Run an example workload
Next, we'll use Bao to execute a small sample workload. Then, we'll execute that same workload without Bao, and analyze the results.
The sample_queries
folder in the repository root contains 40 sample queries drawn from the original join order benchmark (JOB)1 and from extended JOB2:
$ cd sample_queries
$ ls
q10_2a265.sql q17_7a164.sql q23_19d.sql q29_6e.sql q36_7a136.sql q5_8a423.sql
q11_17e.sql q18_7a103.sql q24_32a.sql q30_18c.sql q37_2a1291.sql q6_16b.sql
q12_17a.sql q1_8a463.sql q25_13d.sql q31_2a39.sql q3_7a99.sql q7_7a48.sql
q13_7a121.sql q19_2a471.sql q26_2a274.sql q32_2a493.sql q38_2a1870.sql q8_6a505.sql
q14_6a349.sql q20_24b.sql q27_3c.sql q33_2a156.sql q39_2a2781.sql q9_5a48.sql
q15_18a.sql q21_2a396.sql q28_13a.sql q34_1a275.sql q40_2a8120.sql
q16_26c.sql q22_8a27.sql q2_8a82.sql q35_1a1508.sql q4_8a122.sql
The run_queries.py
script will execute a random workload with 500 queries drawn from these samples. First, 25 queries will be executed to provide some basic training data for Bao. Then, and for every 25 queries processed afterwards, the script will pause query execution to retrain Bao's model.
The run_queries.py
script assumes your DB is reachable on localhost
, with the username imdb
in the database imdb
. If this is not the case, modify the PG_CONNECTION_STR
variable at the top of the file.
Start the run:
$ python3 run_queries.py sample_queries/*.sql | tee ~/bao_run.txt
We use the tee
command to both show us the output and redirect the output to a file, which we analyze later. Grab a coffee, this run will take a while to finish (around 75 minutes on my hardware).

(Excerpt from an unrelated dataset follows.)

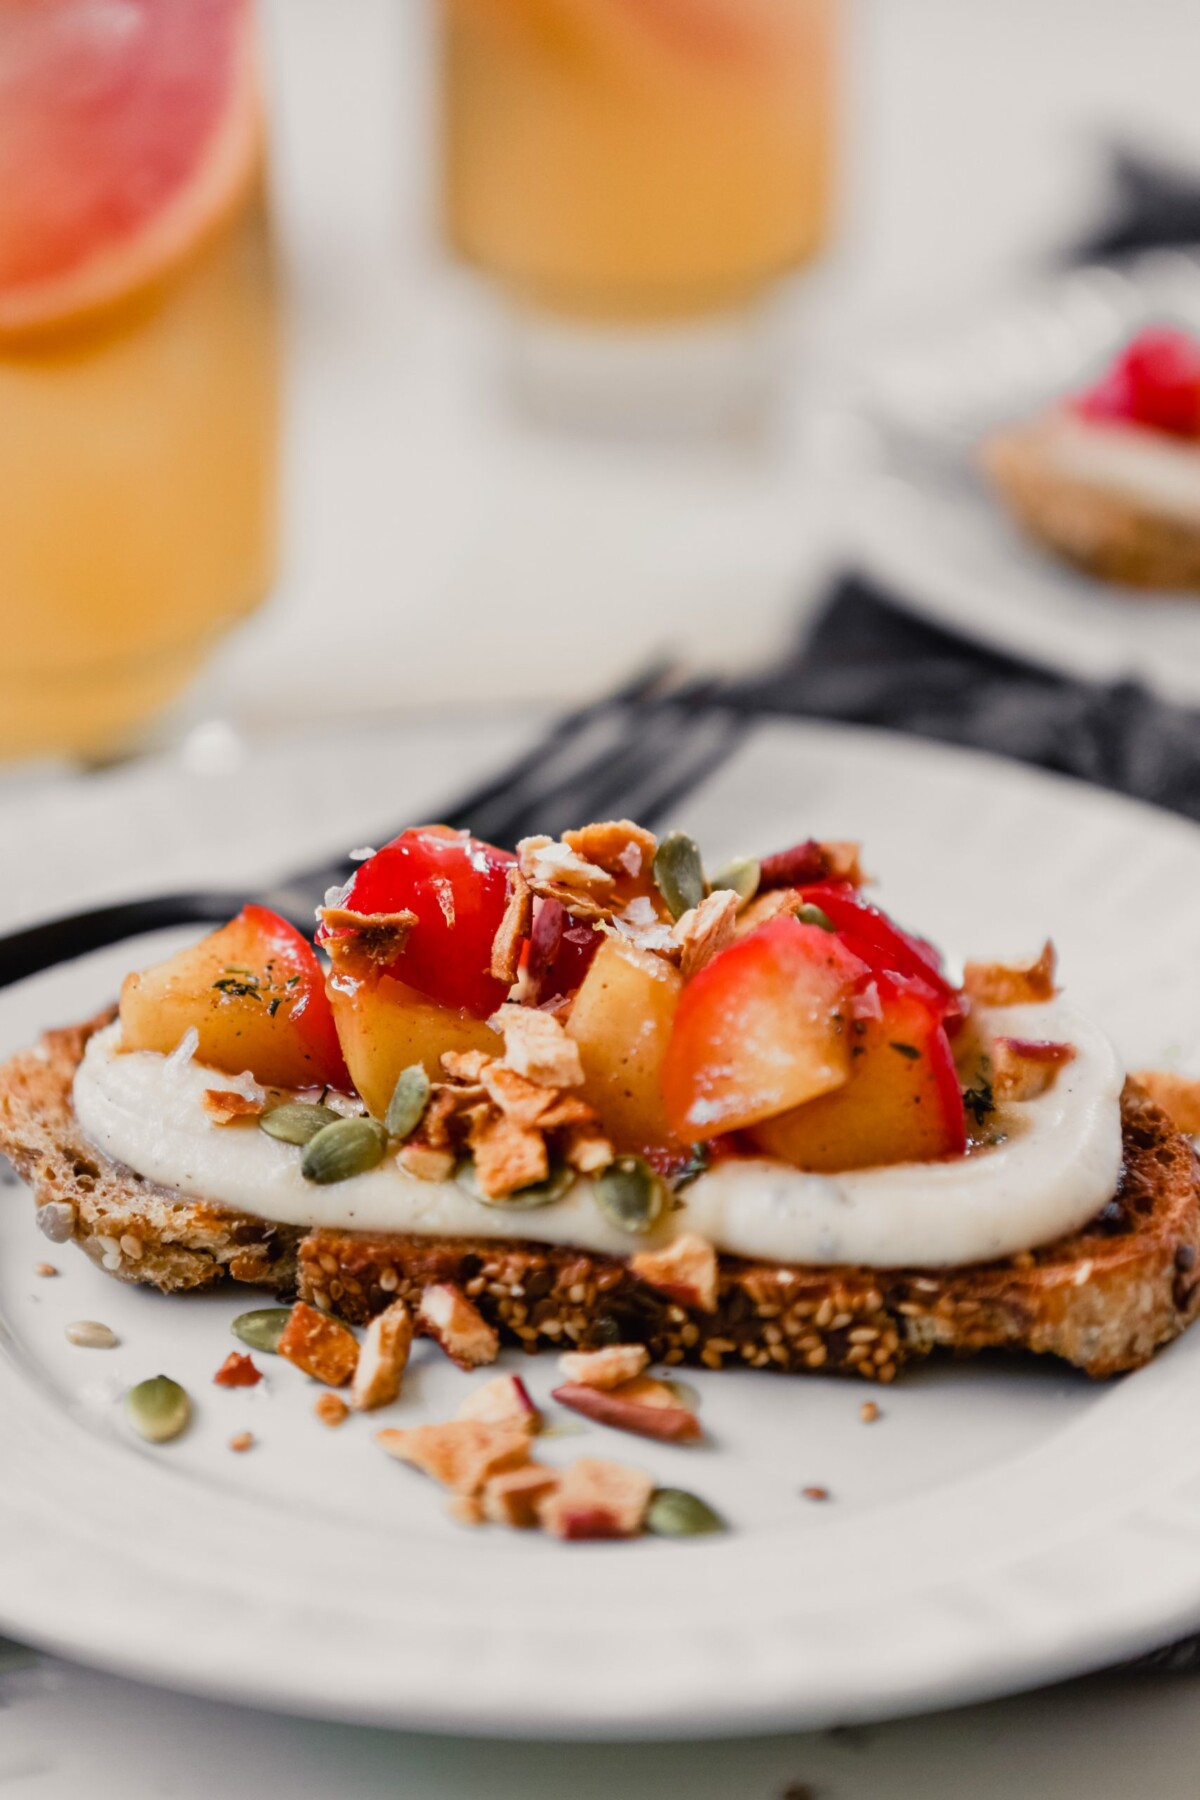 Photograph of wholegrain bread topped with ricotta, sauteed apples, and honey on a white plate

Next, once this run is finished, change the line in run_queries.py
:
USE_BAO = True
To:
USE_BAO = False
This will cause the run_queries.py
script to execute the exact same workload, but without using Bao to select query plans and without retraining a model every 25 queries. Start the run:
$ python3 run_queries.py sample_queries/*.sql | tee ~/pg_run.txt
... and grab another coffee. This took just under 3 hours on my hardware. The fact that the workload finishes faster with Bao enabled is already telling, but next we will analyze these two runs in detail.
Notes
Leis, Viktor, Andrey Gubichev, Atanas Mirchev, Peter Boncz, Alfons Kemper, and Thomas Neumann. “How Good Are Query Optimizers, Really?” PVLDB, VLDB ’15, 9, no. 3 (2015): 204–215. https://doi.org/10.14778/2850583.2850594.
Marcus, Ryan, Parimarjan Negi, Hongzi Mao, Chi Zhang, Mohammad Alizadeh, Tim Kraska, Olga Papaemmanouil, and Nesime Tatbul. “Neo: A Learned Query Optimizer.” PVLDB, VLDB ’19, 12, no. 11 (2019): 1705–18.